2. Pensez aussi à son sacrifice. Jésus obtint la rédemption des pécheurs en s'offrant lui-même en sacrifice pour le péché. De la croix, il peut s'écrier : « Père, pardonne-leur... », car il meurt à la place de tous ceux qu'il va sauver. Il porte le châtiment qu'ils méritent en prenant sur lui-même leur péché. « Celui qui n'a point connu le péché, il l'a fait devenir péché pour nous, afin que nous devenions en lui justice de Dieu » (2 Corinthiens 5.21). Sa mort est une expiation par substitution. Christ est mort pour nos péchés selon les Écritures. Sa mort, et elle seule, effectue ce pardon dans lequel coïncident parfaitement la justice et la miséricorde de Dieu. Jésus reçut la justice, les croyants bénéficient de la miséricorde.
3. Pensez enfin au salut acquis par Christ. Le salut d'un peuple spécial mais perdu s'accomplit dans la mort substitutive de Christ, et s'applique, un par un, génération après génération, à chacun d'eux quand ils viennent à lui dans la foi et la repentance, le recevant tel que l'offre l'Évangile. L' expérience du salut par la grâce vient dans l'exercice d'une foi sincère dans le Seigneur Jésus-Christ comme Sauveur et Seigneur.
Jésus souligna cela fréquemment tout au long de son ministère : « Celui qui croit en lui n'est point jugé... Celui qui croit au Fils a la vie éternelle... Celui qui croit en moi n'aura jamais soif... des fleuves d'eau vive couleront de son sein... [Il] fera aussi les choses que je fais, et il en fera de plus grandes » (Jean 3.18,36 ; 6.35 ; 7.38 ; 14.12). Le message demeure le même aujourd'hui : « Si nous confessons nos péchés, il est fidèle et juste pour nous les pardonner et pour nous purifier de toute iniquité... Celui qui a le Fils a la vie ; celui qui n'a pas le Fils de Dieu n' a pas la vie » (I Jean 3.9 ; 5.12).
La parabole du serviteur impitoyable enseigne qu'un esprit de pardon est une marque essentielle de la vie du royaume, d'une connaissance à salut de Jésus-Christ.

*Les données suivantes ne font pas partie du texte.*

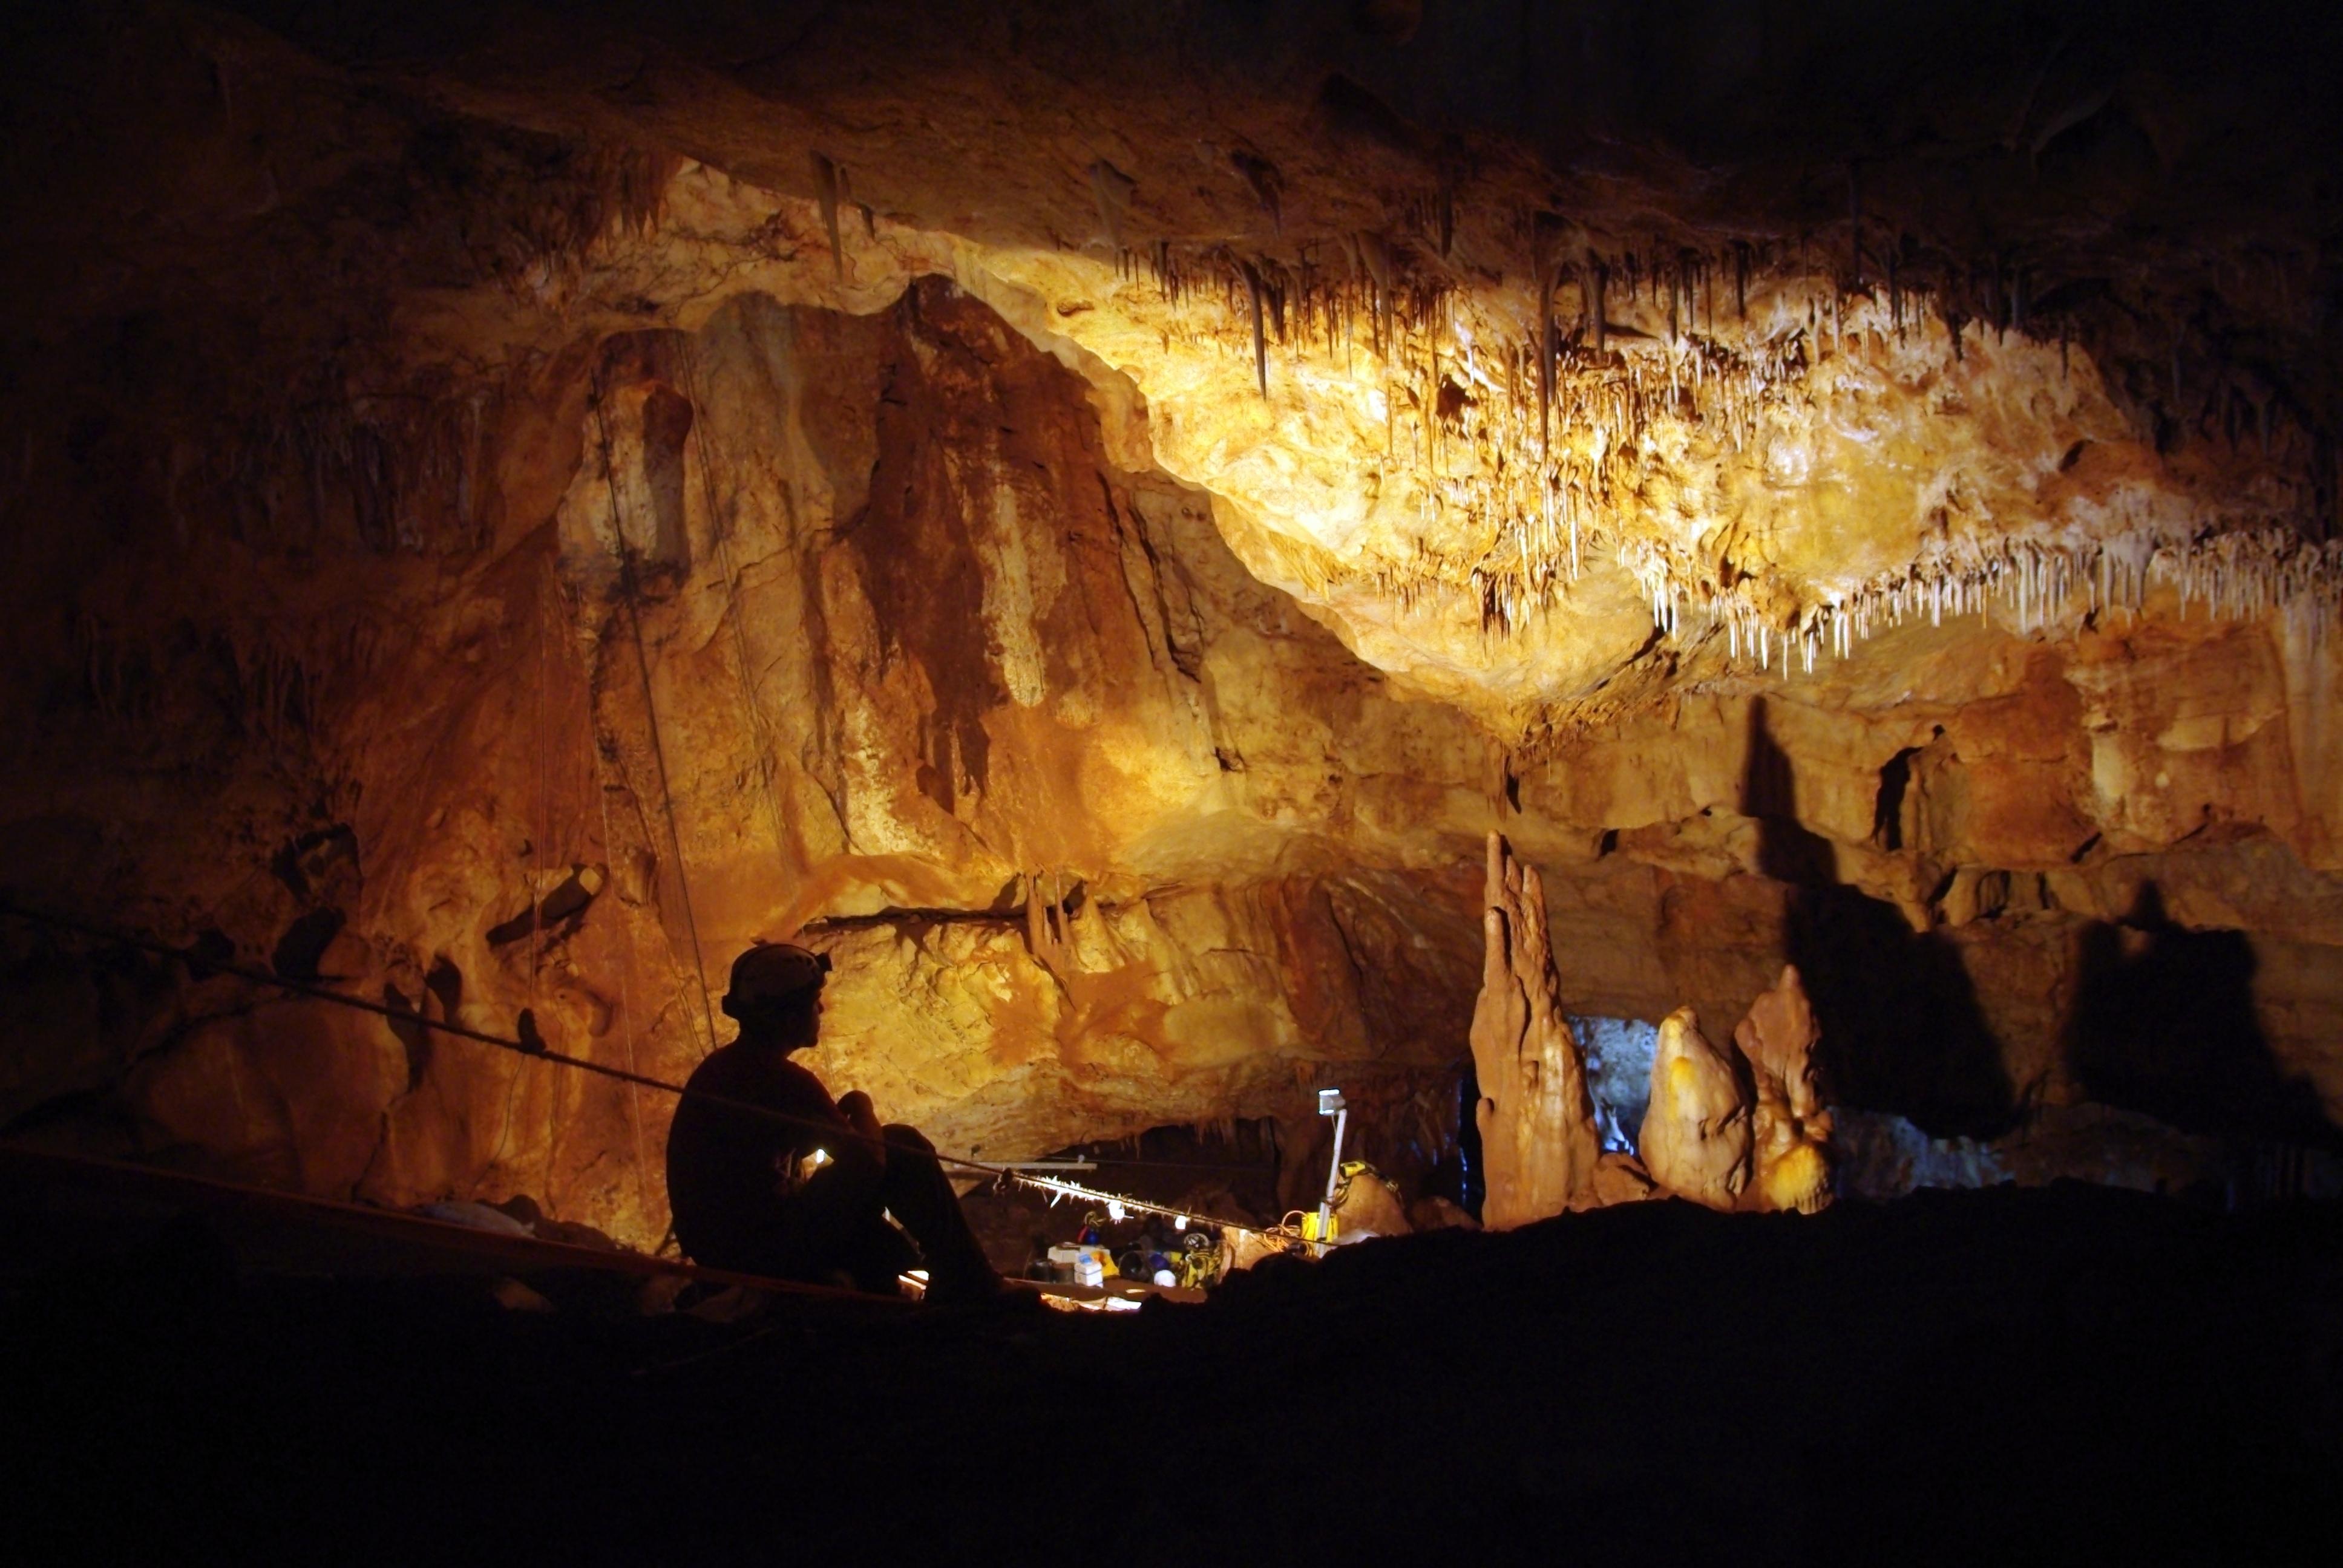 Interior de la cueva Manot, en la que fue hallado el fósil de cráneo de 55.000 años de antigüedad. Imagen: Amos Frumkin. Fuente: Hebrew University Cave Research Center/AlphaGalileo.

Cela nous amène au cœur de l'Évangile. Ceux à qui beaucoup a été pardonné désirent suivre leur Sauveur en pardonnant les moindres dettes des autres. Le pardon authentique n'est pas un trait de caractère religieux, abstrait et neutre, mais le fruit du pardon de Dieu le Père en Christ dont on fait l'expérience par l'œuvre du Saint-Esprit.
Note :
* Voyez par exemple, comment Jésus aborde la Samaritaine. Il lui parle des « fleuves
d'eau vive » avant de la confronter à ses transgressions du septième commandement (Jean 4.10,17). Certains chrétiens aujourd'hui s'évertueraient à l'aide de la Bible à persuader cette femme de la réalité de son péché, avant de diriger ses regards vers le seul Sauveur. J'ai connu des gens qui ont subi des années de prédication de la Bible avant de réaliser que Jésus était en fait venu pour les sauver de leurs péchés. Il y avait en effet une trop grande accentuation de « l’œuvre de la loi » comme préparation à l’œuvre de la grâce.